Quoi que les dirigeants européens fassent, à présent, ce sera une erreur. S’ils essayent de
consolider l’euro, ce sera une charge intolérable pour les ressources financières de l’UE.
Cela se traduira par des années et des décennies de coupes budgétaires et d’austérité. La
lutte des classes s’intensifiera en conséquence. Mais si l’euro s’effondre, ce sera une
catastrophe économique qui plongera toute l’Europe – et pas seulement la zone euro –
dans une crise encore plus profonde.
Ce dilemme provoque des divisions et des tensions entre les différentes bourgeoisies
nationales, en particulier entre la France et l’Allemagne. François Hollande a remporté les
élections présidentielles et parlementaires. Il sera sous pression pour mener à bien au
moins quelques-unes des réformes annoncées au cours de sa campagne électorale. Mais il a
aussi promis de très vite ramener le déficit public à 3 %. Or ces deux objectifs s’excluent
mutuellement.
Angela Merkel exige la pleine application des plans d’austérité et des coupes budgétaires.

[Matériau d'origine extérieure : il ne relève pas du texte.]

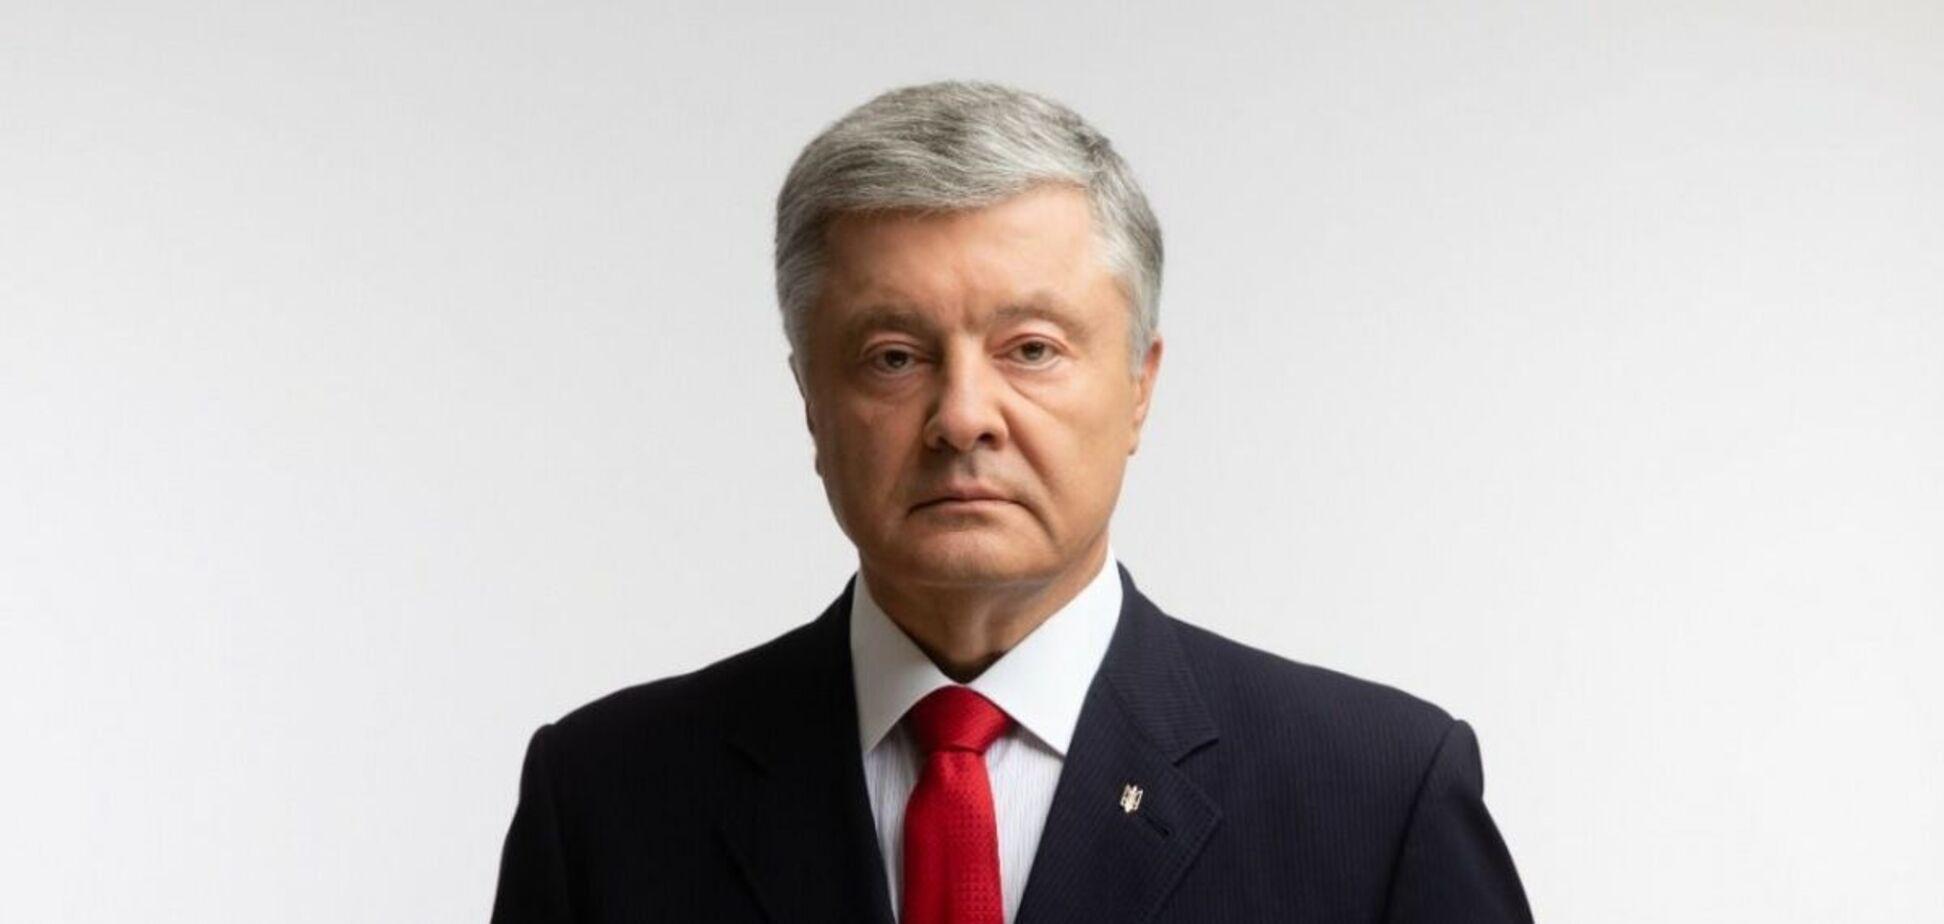 Порошенко: российская 'паспортизация' украинцев требует реакции власти

La bourgeoisie allemande demande une discipline et un équilibre des budgets. Hollande
demande des mesures pour la croissance, Merkel exige des coupes. Plus précisément, la
classe dirigeante française veut que la classe dirigeante allemande paye pour stimuler
l’économie des autres pays européens, tandis que la classe dirigeante allemande veut que
les dirigeants des autres pays capitalistes fassent payer la crise à leurs travailleurs.
Comment peuvent-ils se mettre d’accord ? De fait, il y a une scission ouverte au sein de
l’UE.
Le pessimisme de la classe dirigeante est bien exprimé dans un article Larry Elliot,
journaliste au Guardian, lors du dernier sommet du G20 : « Il serait naïf d’imaginer que le
G20 prépare un plan pour la croissance mondiale ou que la crise de la zone euro sera bientôt
terminée. Les banques centrales sont en alerte maximale pour faire face aux conséquences
des élections grecques. Pourquoi ? Parce qu’en ce moment, l’économie mondiale est
constituée de nations qui sont soit en récession, soit sur le point d’entrer en récession, soit
enfin en train de rapidement décélérer. Pour le moment, il n’y a pas de bons résultats
économiques, seulement des mauvais – et même très mauvais ». (The Guardian, 17 juin 2012)
La question de la dette
L’expression la plus évidente de la crise est la dette publique. Cependant, ce n’est pas la
cause de la crise, mais seulement un symptôme de la maladie du capitalisme. La dette
publique et, surtout, les déficits budgétaires ont massivement augmenté suite au
« sauvetage » des banques et à la récession économique elle-même (qui diminue les recettes
fiscales, tandis qu’elle augmente les dépenses sociales du type allocations chômage, etc.).
Dans chaque phase d’expansion capitaliste, il y a un élément de spéculation qui ne se révèle
pleinement qu’au début de la crise. La seule différence avec cette crise, c’est l’ampleur
colossale de la spéculation. Au cours des trente dernières années, la bourgeoisie a tenté
d’éviter la crise au moyen d’une expansion sans précédent du crédit. En particulier, la
bourgeoisie des États-Unis s’est engagée dans une véritable orgie spéculative basée sur une
énorme expansion du crédit à faible taux d’intérêt. Cela fut activement promu par Alan
Greenspan et la Réserve Fédérale, à l’époque.